-- Data --
>>>
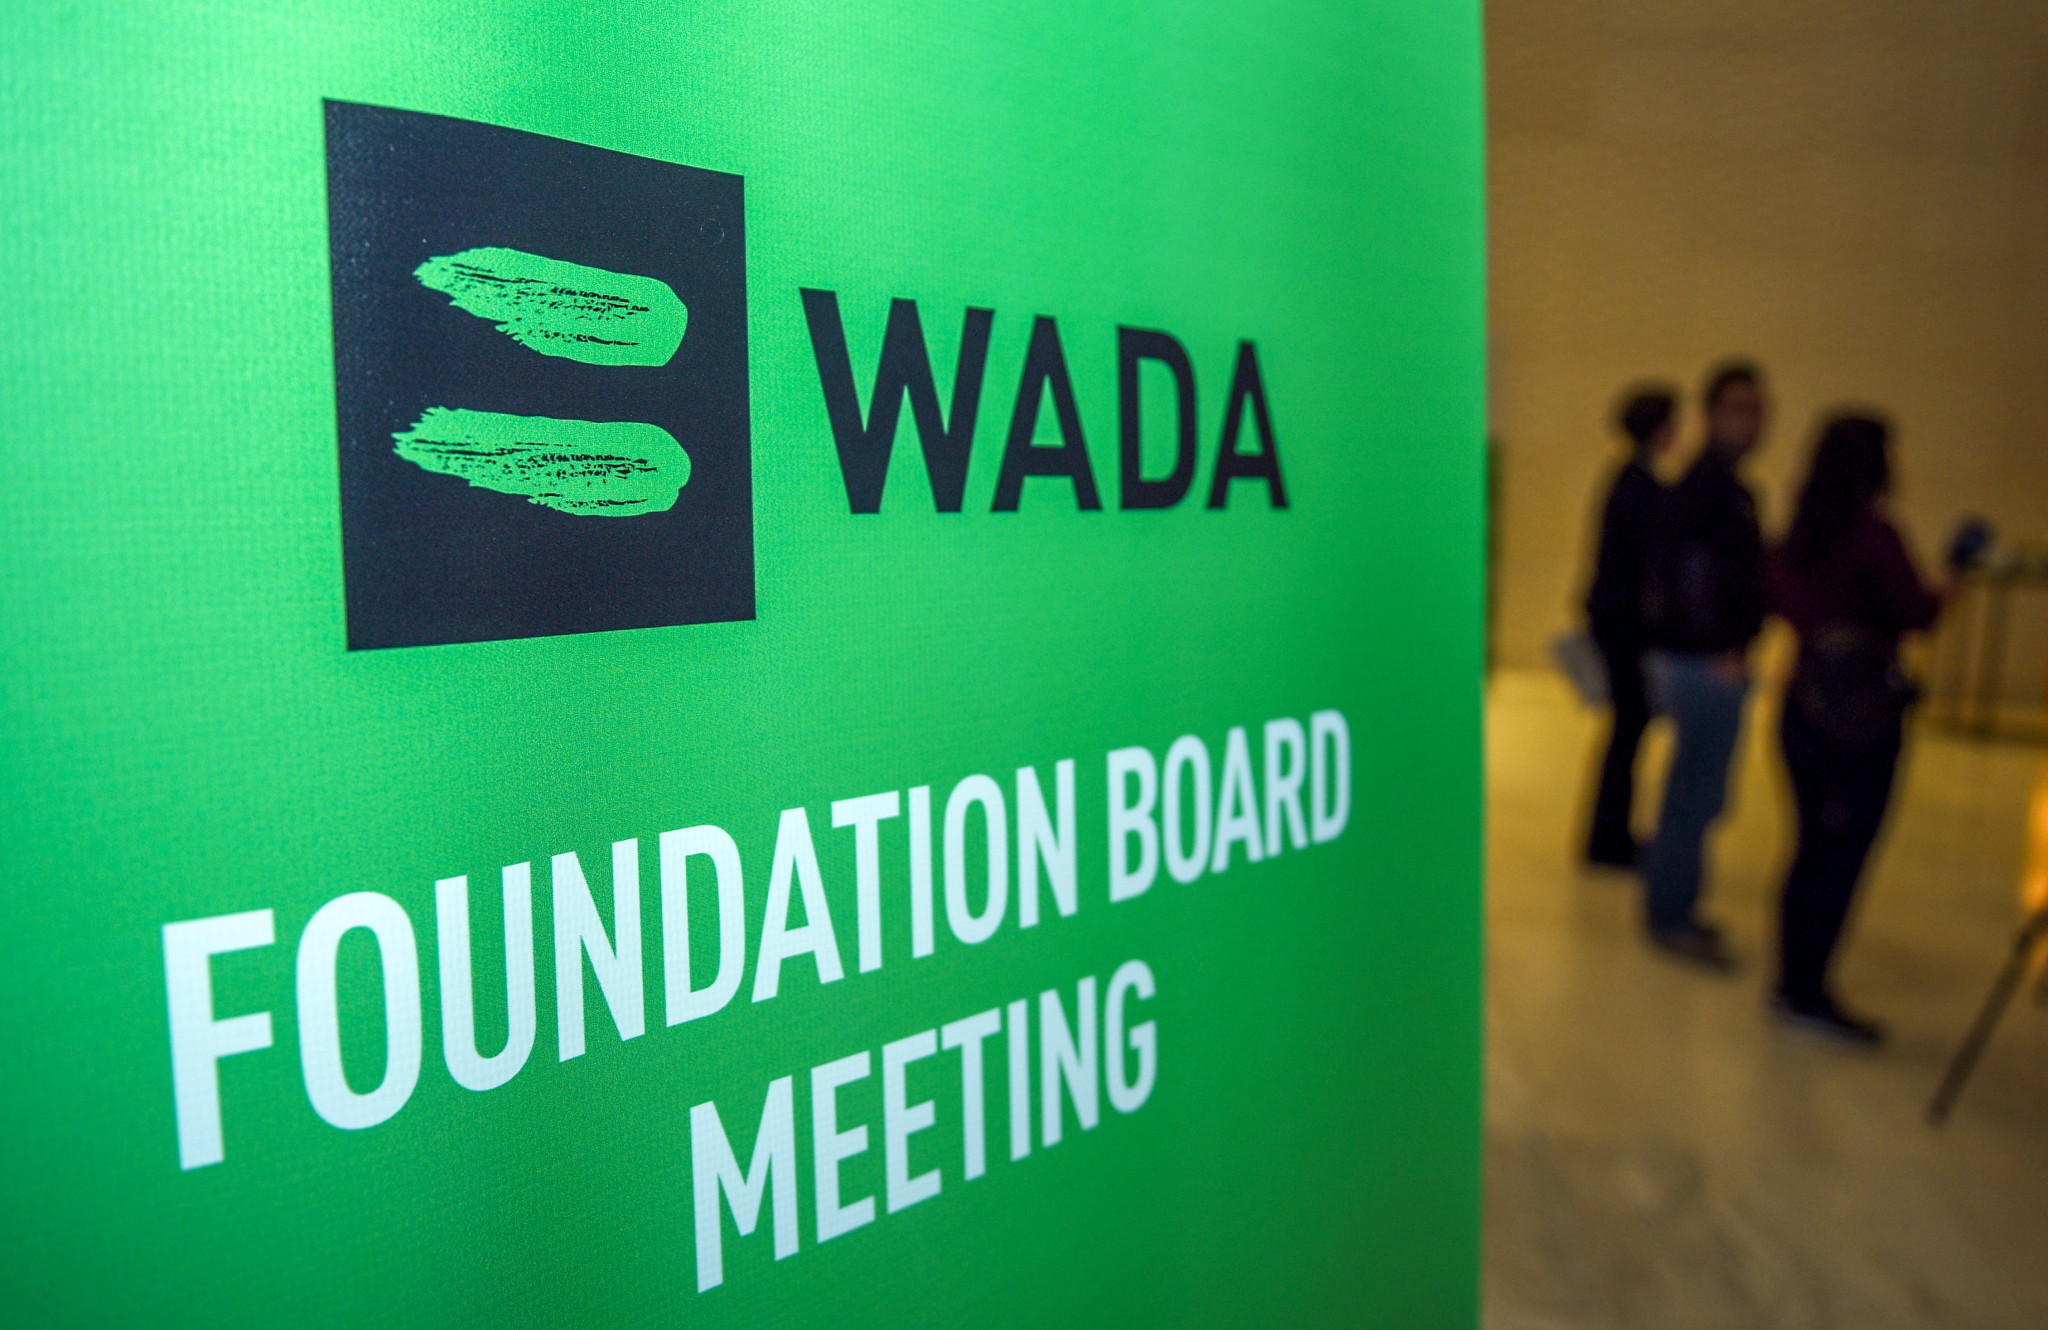 Executive Committee expansion and installing independent President among governance reforms approved by WADA
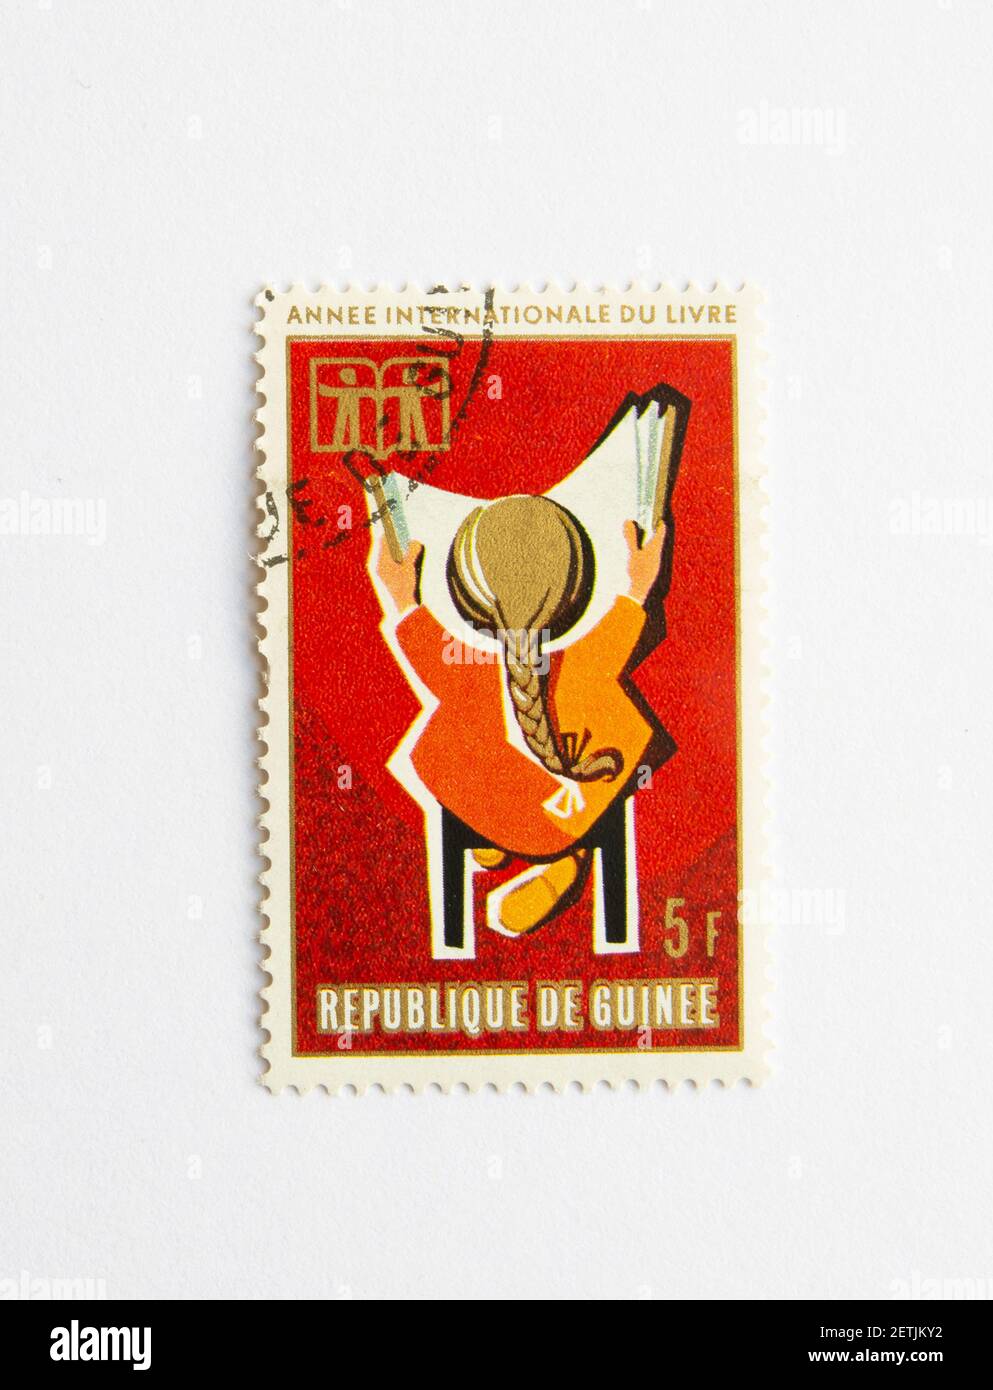 01.03.2021 Istanbul Turkey. Guinea Republic Postage Stamp. circa 1972. international year of the book. key of the future. Stock Photo
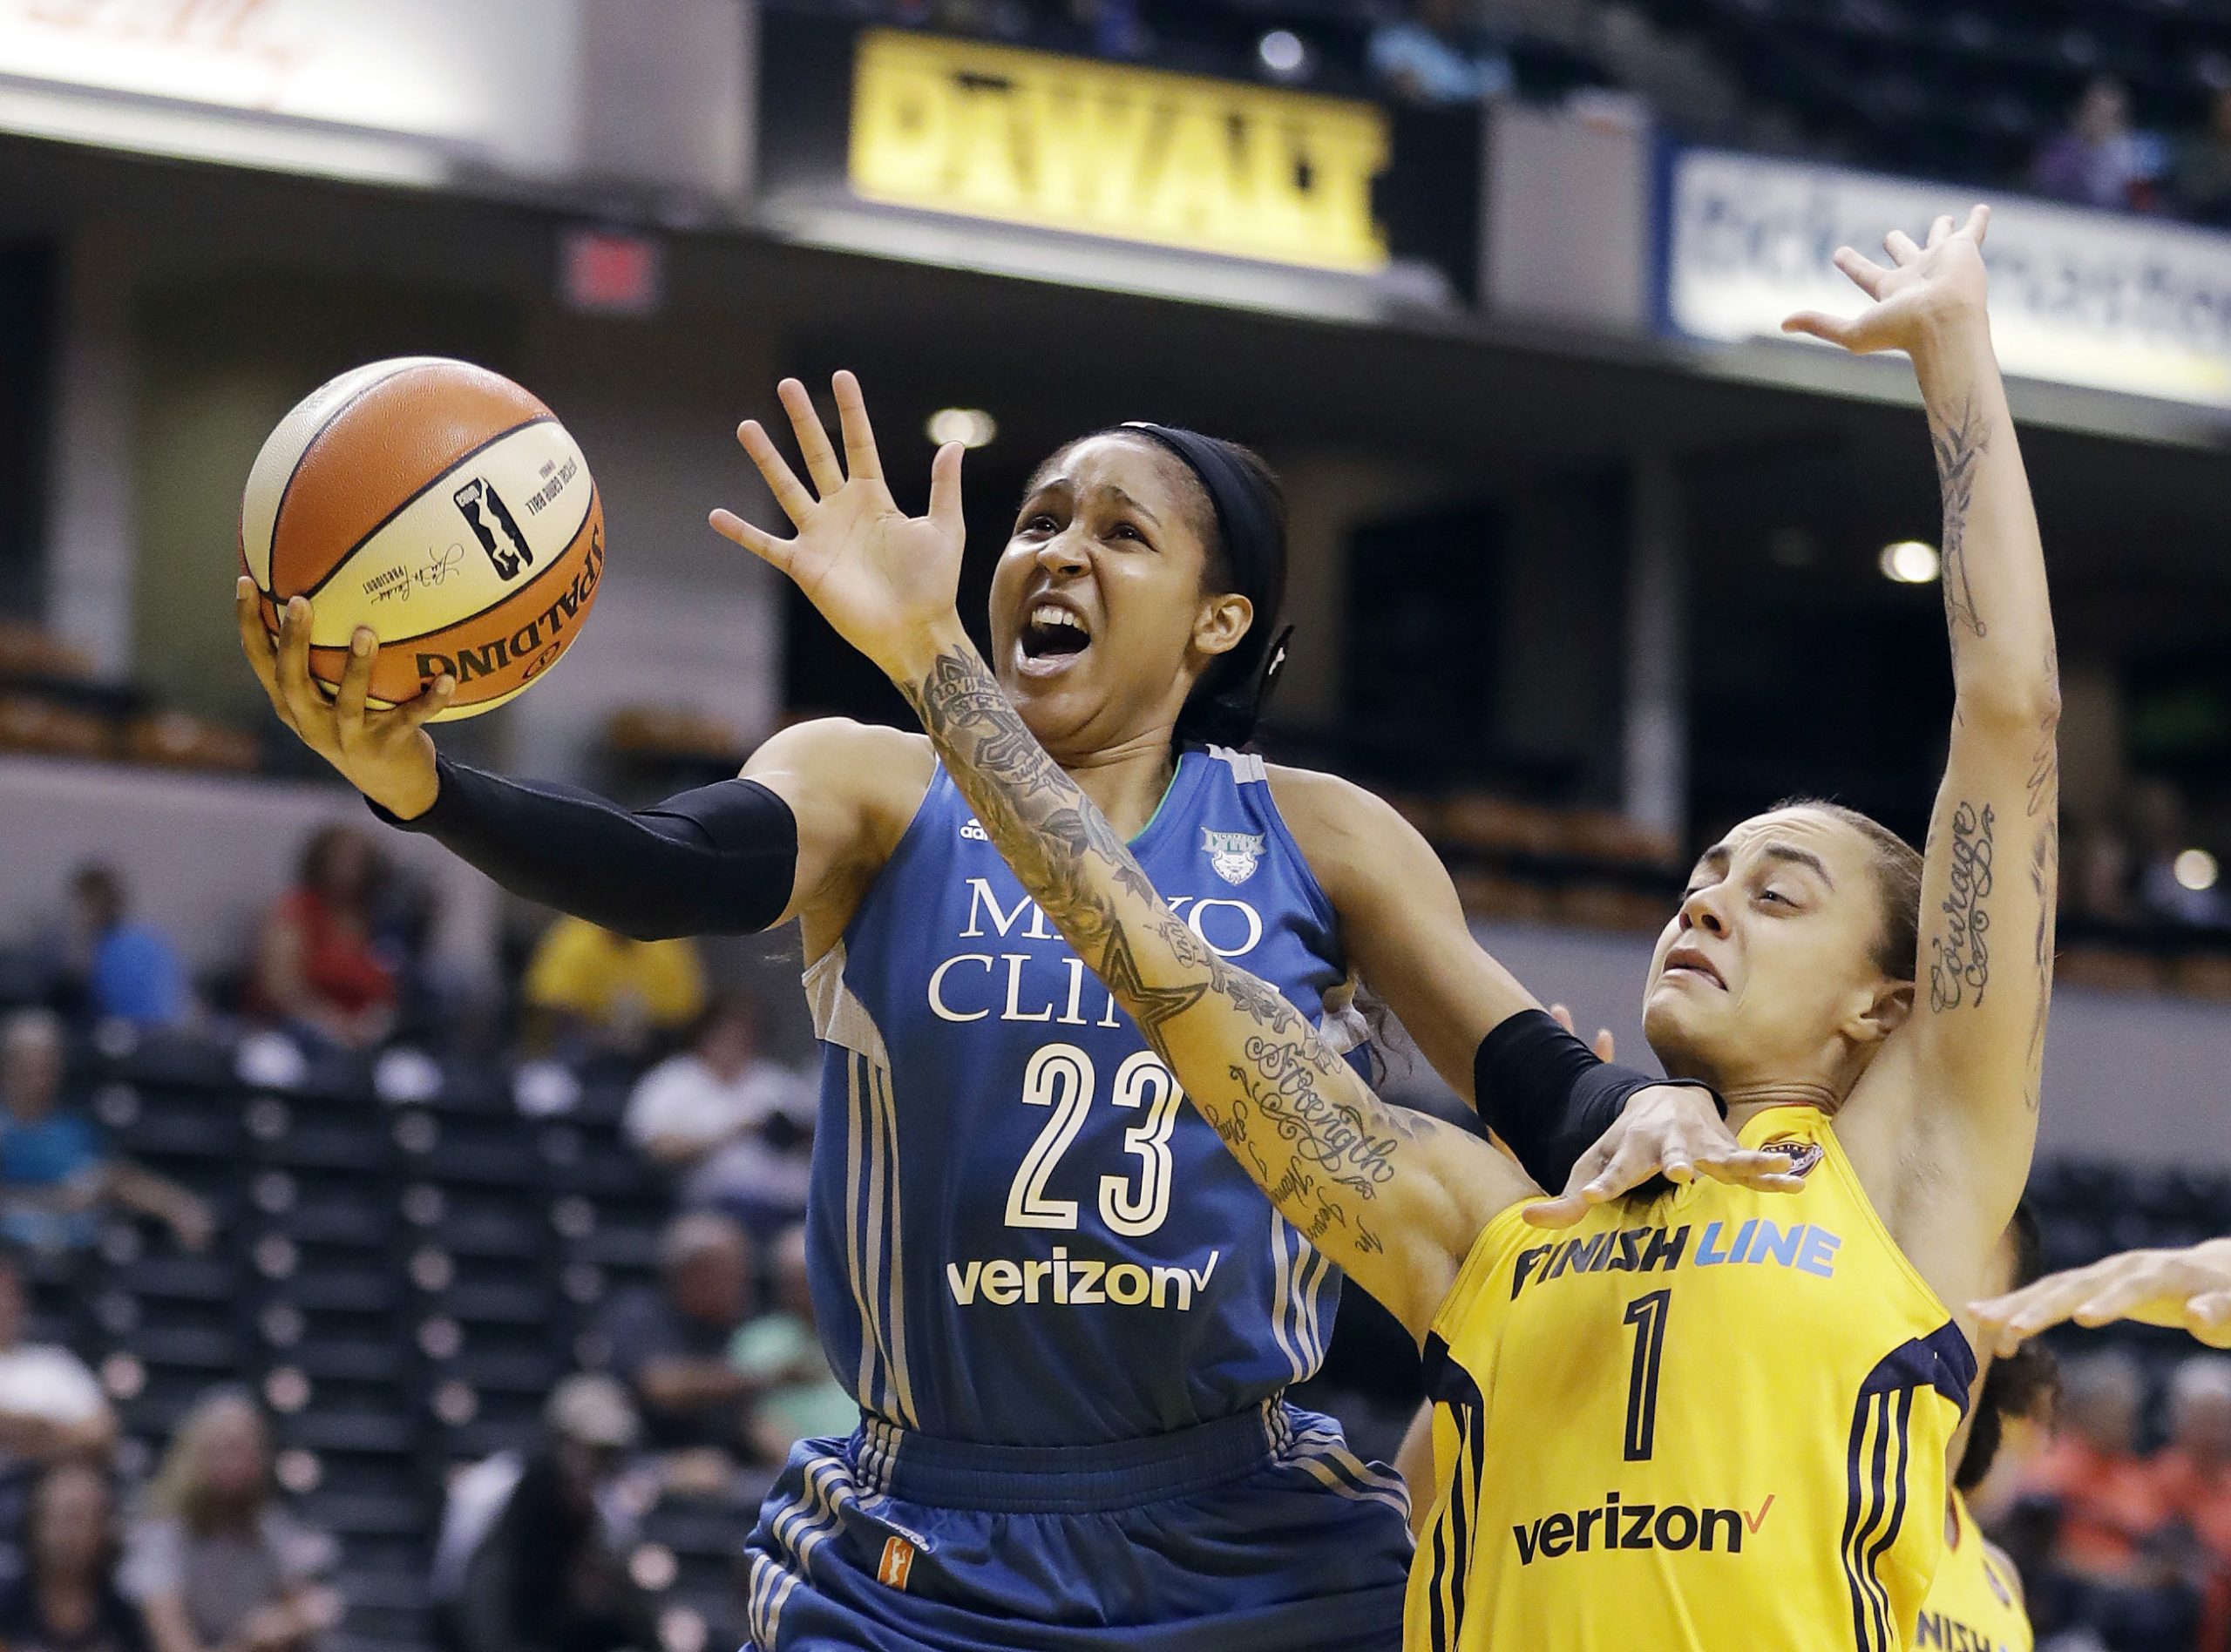 focus WNBA star Maya Moore Salta second year of professional basketball, and 2020 Criminal Justice Advocacy Olympics
<<<
-- Exercise objective --
The answer must be the whole listing, word for word, with no pictures in it. Please write it out.

-- Answer for the task --
 Executive Committee expansion and installing independent President among governance reforms approved by WADA
 01.03.2021 Istanbul Turkey. Guinea Republic Postage Stamp. circa 1972. international year of the book. key of the future. Stock Photo
 focus WNBA star Maya Moore Salta second year of professional basketball, and 2020 Criminal Justice Advocacy Olympics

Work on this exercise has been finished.